Build a BPE Tokenizer from Scratch: Production-Grade Implementation
Learn to build a Byte-Pair Encoding tokenizer from scratch with Python.
20+ years shipping production Java in banking & fintech. Every example here is drawn from a real system.
- BPE tokenizes text by iteratively merging the most frequent adjacent byte pairs into new tokens.
- The algorithm starts with a base vocabulary of all unique bytes/characters and merges up to a target size.
- Byte-level BPE handles any UTF-8 text by operating on raw bytes, avoiding unknown token issues.
- Tokenizer training is separate from encoding; the merge table is the core artifact.
- Production tokenizers must handle special tokens, padding, and efficient batch encoding.
- Common pitfalls include incorrect merge order, vocabulary size mismatch, and Unicode normalization.

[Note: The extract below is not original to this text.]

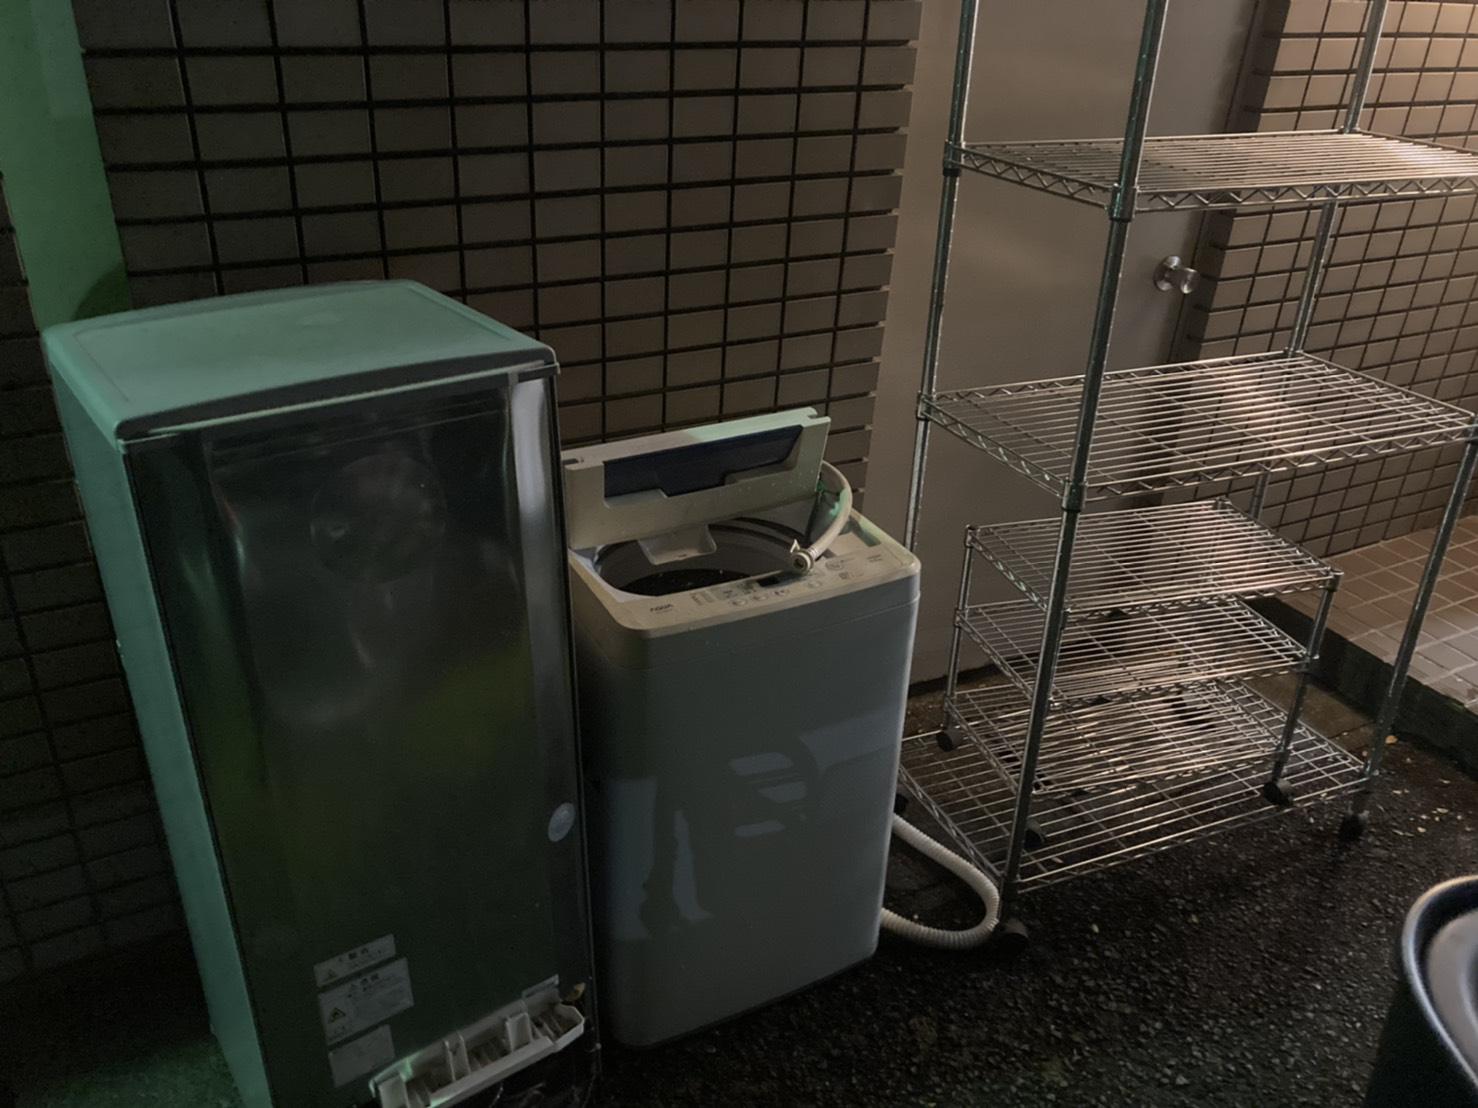 洗濯機、冷蔵庫、メタルラックの回収前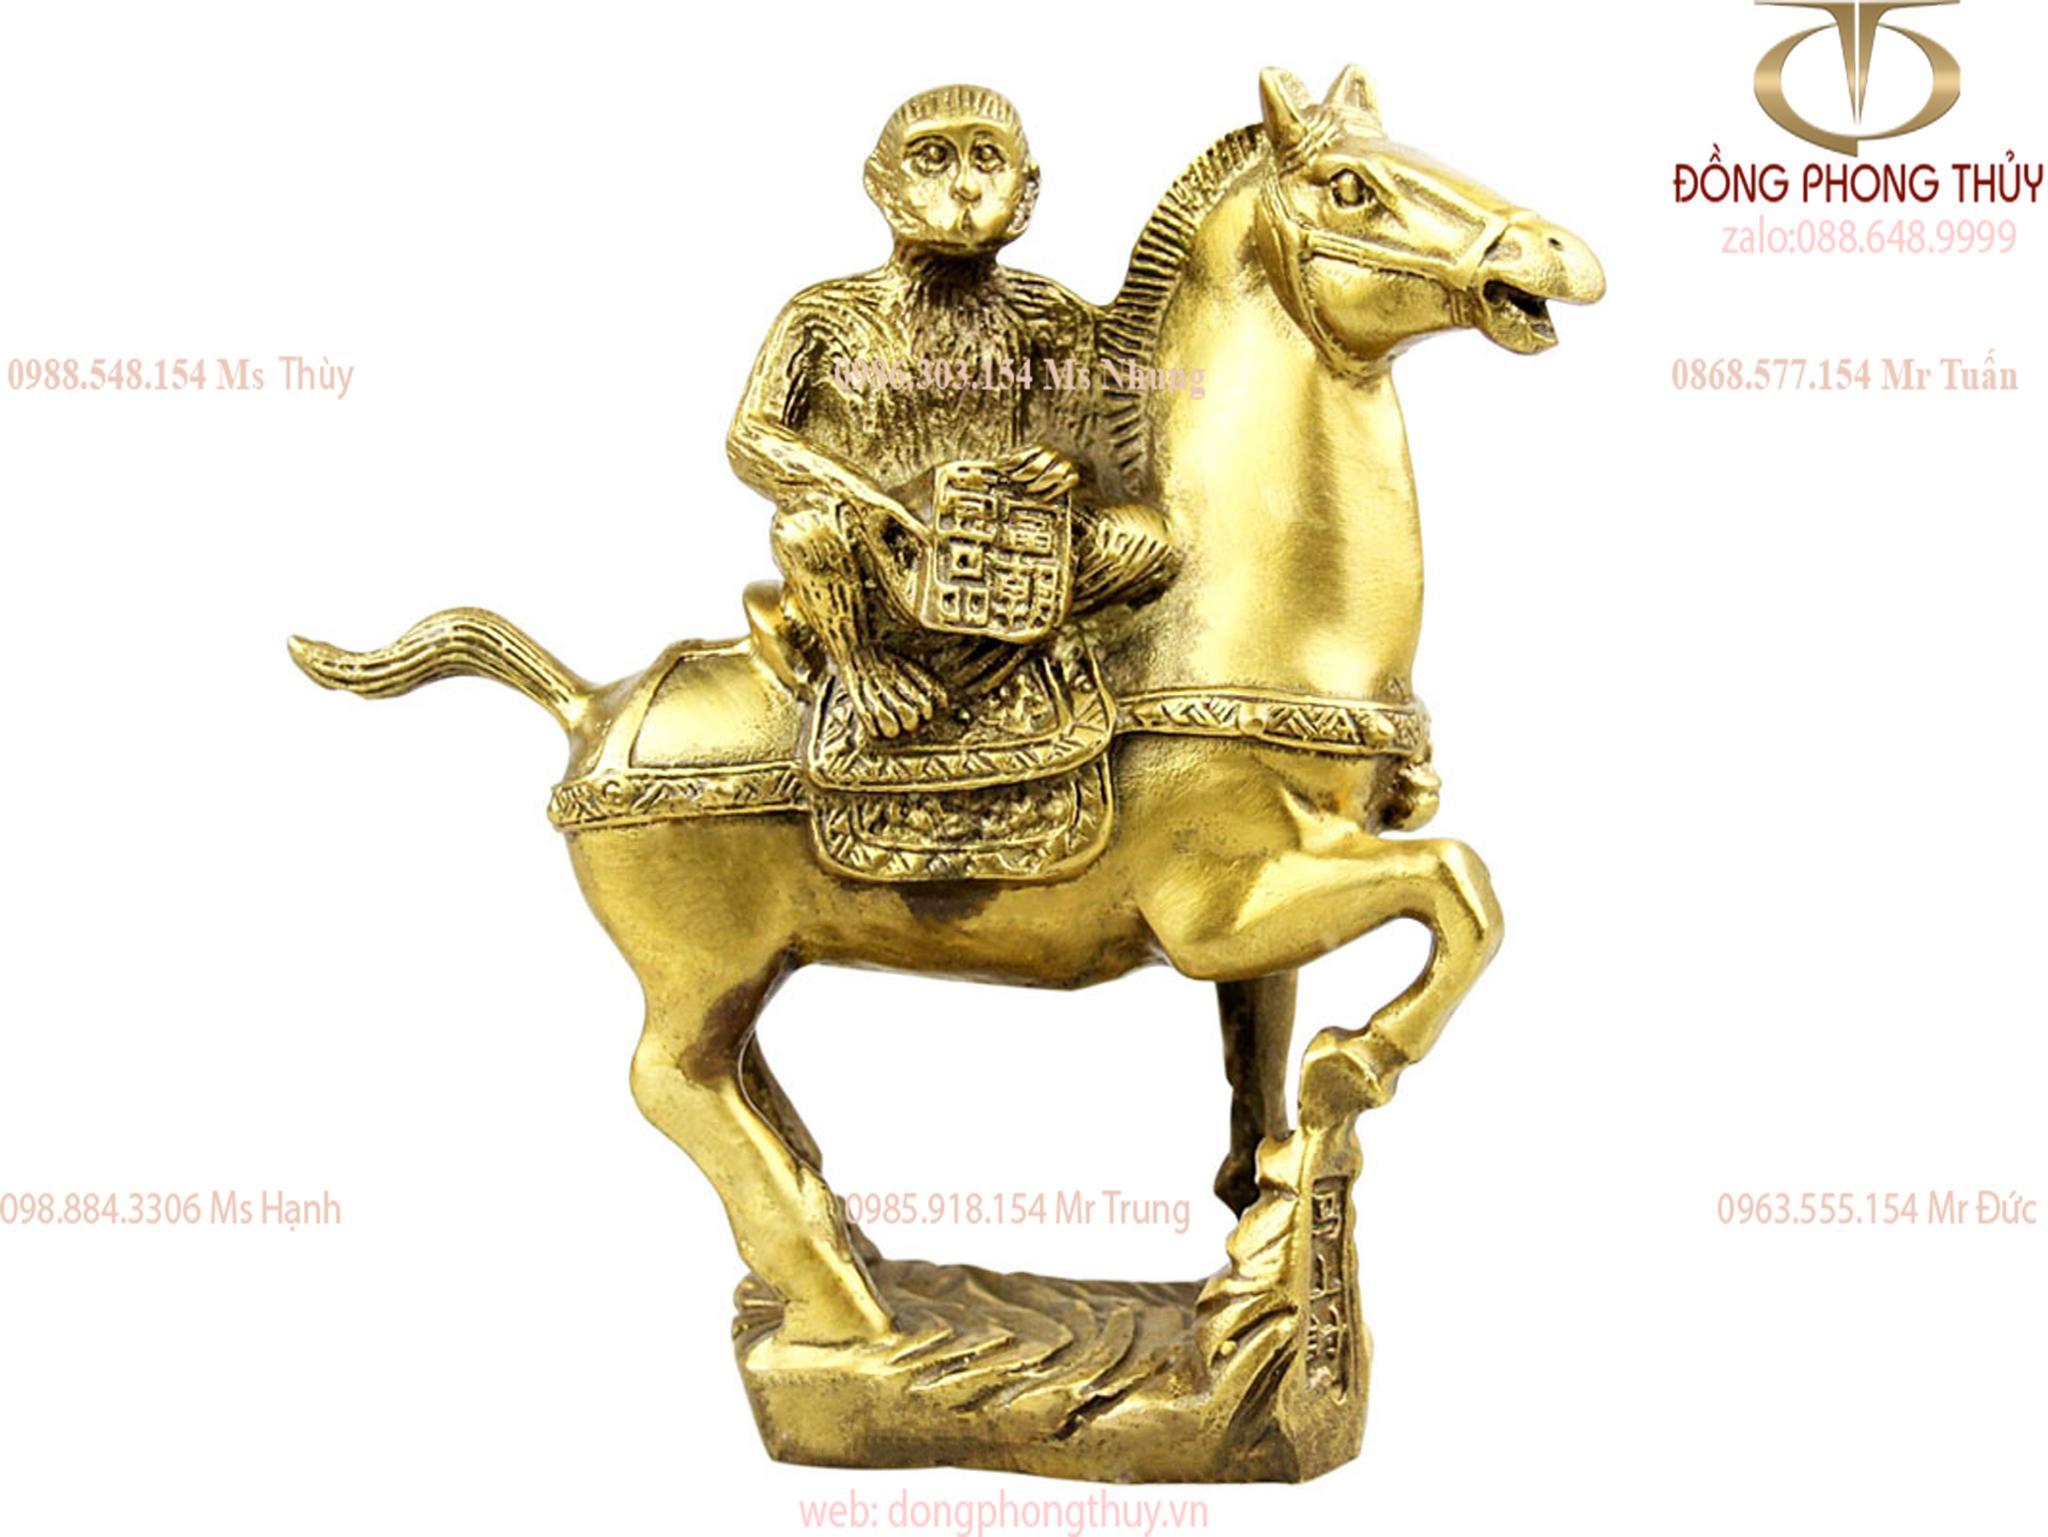 Tượng khỉ cưỡi ngựa mã thượng phong hầu

Imagine you have a huge Lego set with only tiny 1x1 bricks. BPE is like gluing the most common pairs of bricks together into bigger pieces, then gluing those, until you have a set of useful larger bricks. This makes building (encoding) faster and more efficient, especially for common patterns like 'the' or 'ing'.
Every large language model you've interacted with—GPT-4, Claude, Llama 3—relies on a tokenizer to convert raw text into a sequence of integers. That tokenizer is almost always Byte-Pair Encoding (BPE). Understanding BPE isn't just academic trivia; it's a practical skill that directly impacts model performance, vocabulary efficiency, and debugging production issues like tokenization mismatches between training and inference.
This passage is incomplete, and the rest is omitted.